Ülkemizde de bu açıdan durum iç açıcı değildir. Sendika bürokrasisinin malum pratiği ve sınıf hareketinin aşılamayan bir takım zayıflıkları bunun en önemli nedenidir. Saldırının doğrudan muhataplarından olan gençlik hareketi, bu tablodan farklı olarak ciddi bir bilinç ve örgütlülük düzeyine sahipse de, kendine özgü zayıflıkları nedeniyle toplumsal planda saldırıya karşı ciddi bir odaklaşmayı yaratabilmesi oldukça zor görünmektedir.

Ancak tüm bu tablo ne karamsarlığa ne de saldırı karşısında bir boyun eğişe yol açmalıdır. Sınıf ve kitle hareketindeki zayıflıklar sadece komünistlerin saldırıya karşı işçilerin, emekçilerin ve gençliğin mücadelesini örgütleme görev ve sorumluluklarının ağırlığına yapılmış bir vurgu sayılmalıdır. Saldırının içeriği ve sonuçlarının ciddi bir aydınlatma faaliyetiyle işçi sınıfı ve emekçi yığınlara anlatılması ve mevcut her türlü duyarlılığın mücadele yönünde seferber edilmesi bu açıdan büyük önem taşımaktadır.
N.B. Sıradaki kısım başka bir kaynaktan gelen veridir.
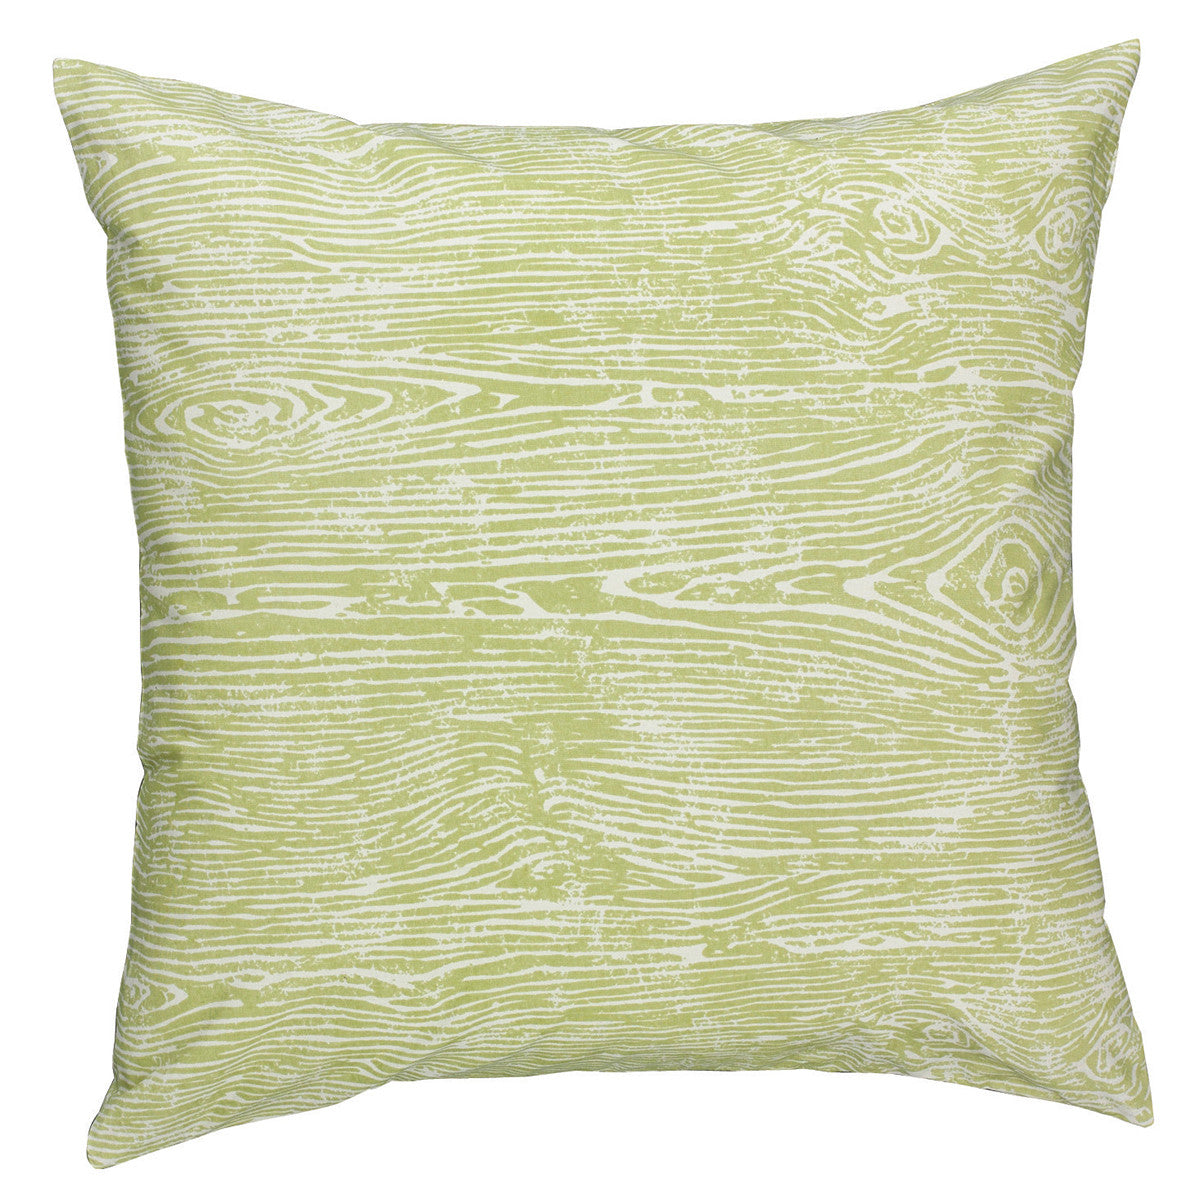 Wood Grain 18" Pillow Cover - Pistachio Set of 4 Park Designs

Son olarak belirtmek gerekirse; GATS, emperyalist-kapitalist sistemin yapısal krizine çözüm bulmak için gündemleştirdiği kapsamlı bir “çözüm” programıdır. Dolayısıyla işçi sınıfı ve emekçiler bu saldırıyı şurasından burasından kabul edemeyecekleri gibi, bu çerçevede tartışamazlar da. Bu nedenle saldırıya karşı örgütlenecek mücadele, emperyalist-kapitalist sisteme karşı tüm toplumsal üretimin özel mülkiyet prangasından kopartılarak toplumun ihtiyaçları için düzenleneceği sosyalist bir dünya hedefine bağlanmalıdır.